Cansado de ver imagens terríveis transmitidas do  Oriente Médio, a partir de outubro de 2023, e sendo estudioso e admirador dos povos que têm vivido na região há milhares de anos, resolvi voltar ao tema. Procurei os documentos, as narrativas, os textos e os mapas que coletei durante anos para um trabalho acadêmico (concurso de livre docência na Universidade de São Paulo, USP). E fiz uma pergunta cuja resposta apresentei ao longo da nova obra: como, por que e para que o povo judeu, derrotado pelos romanos no ano de 70 — o templo que ostentava seu monoteísmo foi depredado, símbolos religiosos e de poder, enviados a Roma como troféus, homens e mulheres, escravizados e espalhados pelo mundo romano — sobreviveu? Não foi uma simples sobrevivência física de indivíduos, mas a sobrevivência da sua identidade. Por que, como tantos outros, não foram diluídos no meio de tantas outras identidades culturais, tribais? Como e por que não se misturaram a outros povos? Como e por que mantiveram uma identidade distinta dos pagãos, dos cristãos e dos islâmicos?

Não queria respostas religiosas, essas são fáceis de serem dadas (uma entidade superior, a qualquer momento, pode operar o milagre). Queria uma resposta dentro da história, não fora dela. Como é que se deu a sobrevivência do judaísmo, algum judaísmo, qualquer judaísmo, algo que pudesse ser chamado de judaísmo, quando a lógica nos deveria conduzir para a desaparição do judaísmo?

Assim, retomei a documentação de décadas atrás e me debrucei sobre ela, como debrucei-me sobre tudo o mais que apareceu depois, sobre fatos e processos, relações e narrativas, um judaísmo sem templo, um Estado laico, conflitos com vizinhos.
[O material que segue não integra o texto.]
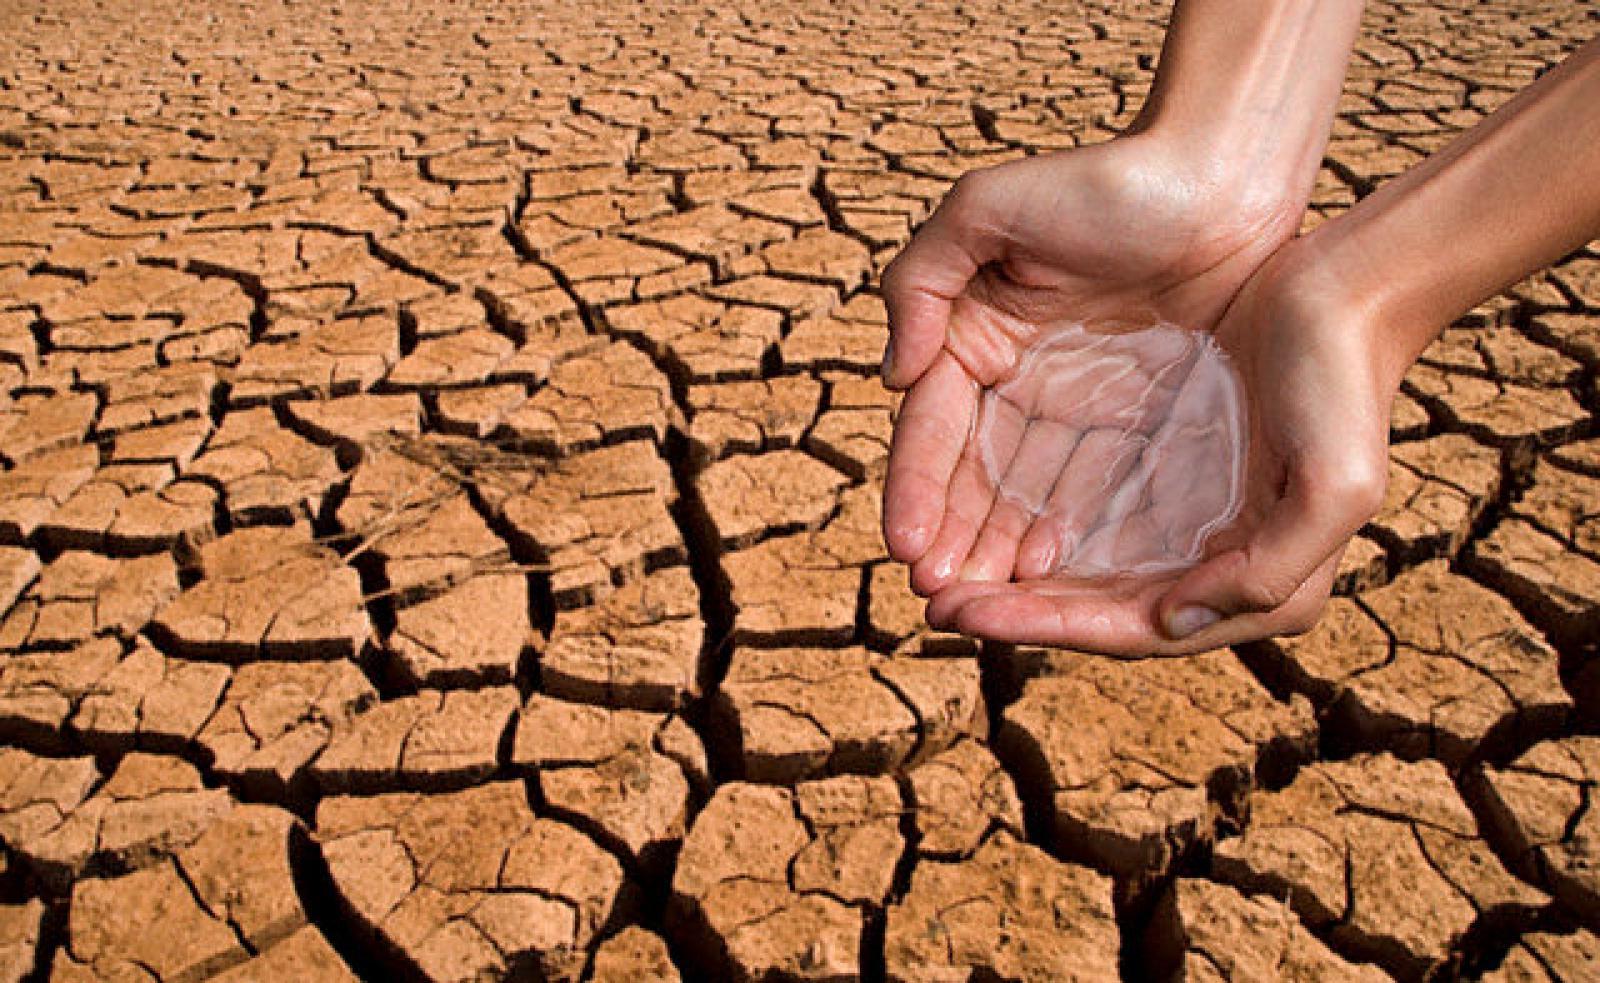 Якими будуть наслідки аномальної зими: українцям варто готуватися до дефіциту води - річки, Вода - 28 voda
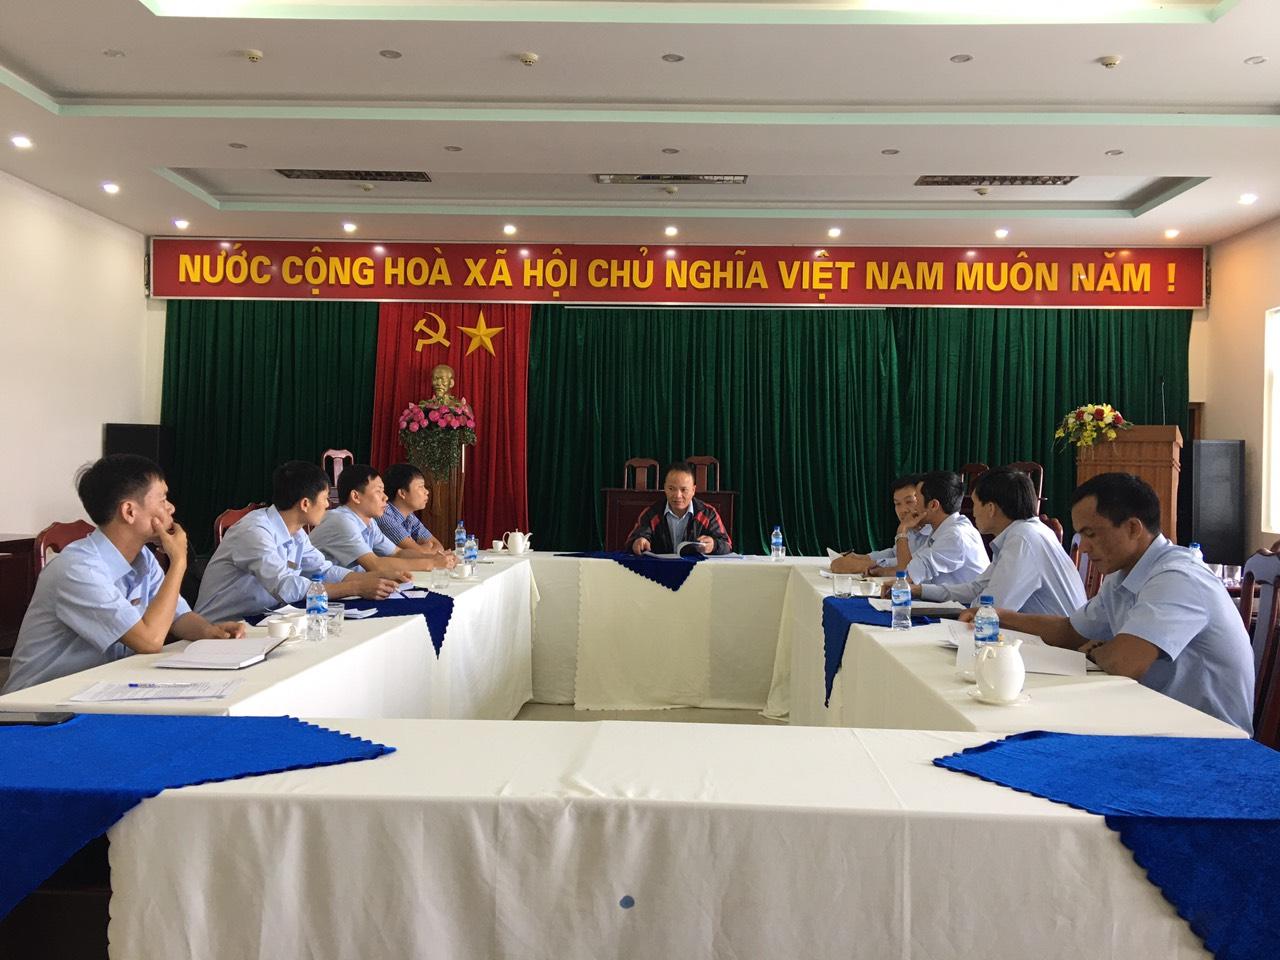 Các Chi bộ trực thuộc Đảng bộ Công ty cổ phần Đầu tư và phát triển điện Sê San 3A tổ chức kiểm điểm, đánh giá, xếp loại chất lượng tổ chức Đảng, đảng viên năm 2019.

Isso depois da criação de um pequeno Estado que lutou para se afirmar, com homens e mulheres contemporâneos, em uma região que não queria abandonar o passado. E do passado esses cidadãos não queriam mais ouvir, não queriam saber de gente frágil que sofria em silêncio e se viu esmagada durante séculos e mais séculos e outros séculos, na Espanha e na Alemanha, na Rússia e na África do Norte, na Inglaterra e mesmo às margens do Rio Jordão. 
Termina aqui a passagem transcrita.